В истории науки можно выделить период, когда идеал науки, приближающейся к абсолютной истине и полностью свободный от человеческой субъективности, был наиболее близок к осуществлению. Речь идёт о XIX веке, Веке Науки. Такое стало возможно благодаря эволюции понятия «точного научного знания», берущего начало ещё в XVII в. В то время понятие абсолютно точного знания опиралось на авторитет источника этого знания (вспомним Библию). Далее, в процессе своей эволюции, всё более тесно переплетаясь с понятиями наиболее вероятного и морально достоверного знания. Исчисления же вероятности и достоверности знания связывались с некоей точкой отсчёта, представляемой здравым смыслом. Причём под здравым смыслом подразумевалось мнение ограниченной группы наиболее просвещённых умов современности. К началу XIX века вера в индивидуальный и даже коллективный здравый смысл стала таять, знания требовали всё более точных доказательств. Благодаря наследованию идей Просвещения, само понятие «рациональное» всё более переплеталось с понятием «научное». Любое рассуждение, не прошедшее проверку наукой, отбрасывалось как иррациональное [5].
Начало XIX века характеризуется также укреплением позиций механики как универсальной и всеобъемлющей науки. Способствовало этому то, что на тот момент механика была единственной математизированной областью естествознания. Развивая эту ветвь научной эволюции, Лагранж ставит целью своей научной работы свести теорию механики и методы решения связанных с нею задач к общим формулам, простое развитие которых даёт все уравнения, необходимые для решения каждой задачи, результаты которой публикует в двухтомнике «Аналитическая механика». В этой работе он сводит механику к области математического анализа, который содержал в то время наиболее разработанную систему мат. доказательств, тем самым, автоматизировав её и сведя к минимуму человеческую изобретательность при решении связанных с механикой задач. Такой путь должен был привести к идеальной рационализации науки, основные положения которой имеют строгие доказательства, а использование не требует усилий. Моделируемые наглядным образом силы заменялись математически корректными абстракциями, однако наглядность такого подхода была крайне низка, что вызывало конкуренцию формалистического и аналитического подходов описания механики.

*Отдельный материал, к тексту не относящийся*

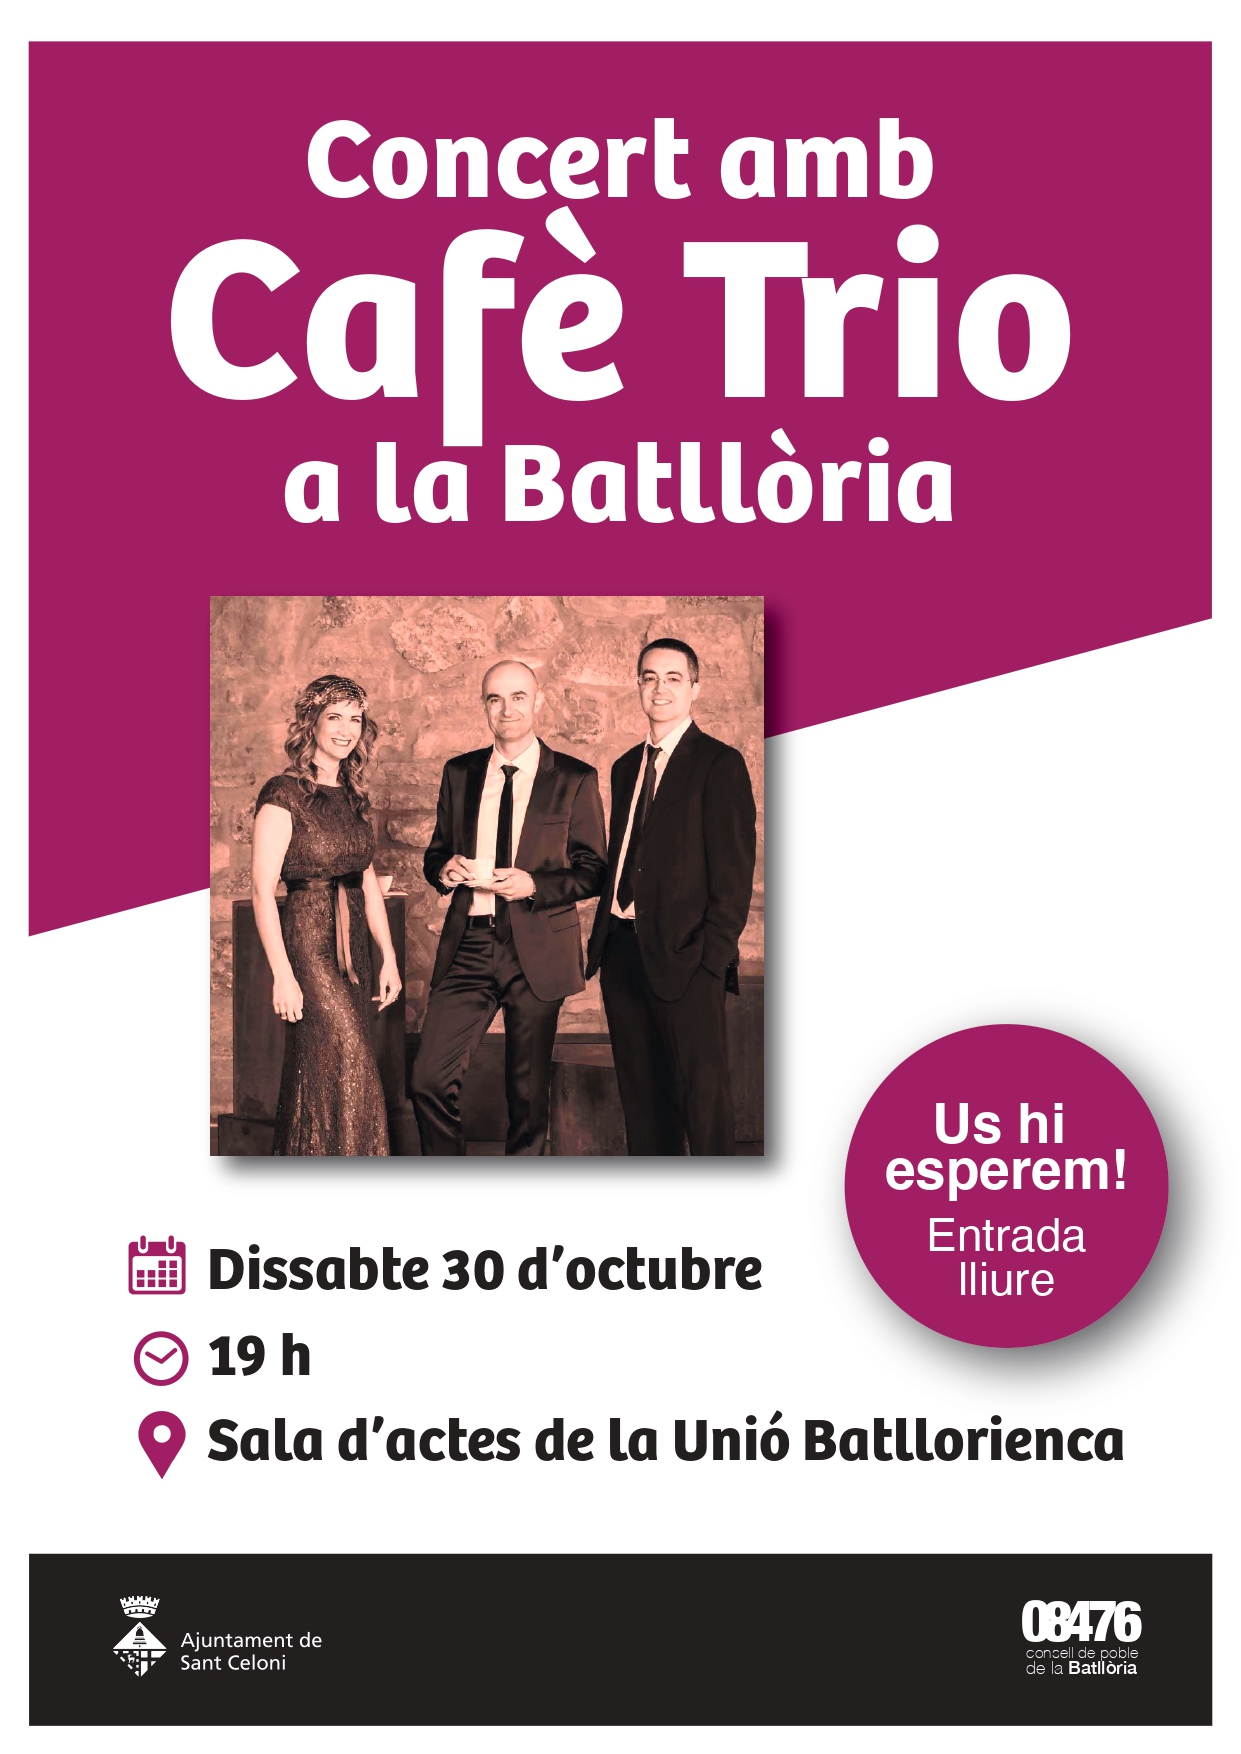 Concert i ball amb Caf Trio

Окончательно это разделение сформировалось к первой четверти XIX века. В формалистическом случае строилась редукция физического явления в системе Лапласовских молекул (молекулярная механика), в аналитическом же, вопросы механики «переводились» в вопросы мат. анализа, что уже не подразумевало знания конкретного механизма физического взаимодействия. Последнее и послужило решающим аргументом в пользу победы именно аналитической механики к середине XIX в. – ведь она позволяла уже сейчас решать вопросы взаимодействий, принцип которых на данный момент не ясен и скоро ясным не станет. Как пример, можно привести вопросы принципа сохранения энергии или принципа теплообмена. Механизмы сих явлений были совершенно не ясны, однако они имели экспериментальное подтверждение и хорошо описывались уравнениями аналитической механики (при условии сведения всех видов энергий к энергии механического типа). Фундаментальное значение принципа было немедленно оценено. Планк тут же предложил его как фундаментальный принцип при изучении электрических и магнитных явлений – новой и «нехоженой» области физики. Это ещё один пример субъективного человеческого влияния на некий фундаментальный, безличный закон.
Развитием принципа сохранения энергии стал другой интересный принцип – принцип невозможности вечного двигателя. Важен не столько принцип, являющийся, по сути, всего лишь одной из трактовок принципа сохранения, сколько его формулировка – невозможен ДВИГАТЕЛЬ, то есть некий полезный человеку продукт. Это ещё одно подтверждение человеческого участия (точнее участия человеческих интересов) в формировании механики. Само обращение к вопросу вечного двигателя есть пример обоснования уже обоснованного закона, но уже не на безличном языке формул, а на примере терминов «мира человека». Показательно, что уже в рамках механистического мировоззрения возникали прямые отсылки к стереотипам человеческого мышления.
Максвелл, уже после формирования своей теории электрических и газовых взаимодействий на основании обобщённых уравнений Лагранжа (которые вообще пренебрегали сутью механизма процесса, который описывали), всеми силами пытался получить привычную, механистическую интерпретацию действия электромагнитного поля. В.А. Фок в середине XX века объяснял это так: «…вековое развитие физики, включая XIX век, привело к тому, что абсолютный характер физических процессов, возможность их неограниченной детализации и их однозначная детерминированность стали считаться основанием физической науки…». [6]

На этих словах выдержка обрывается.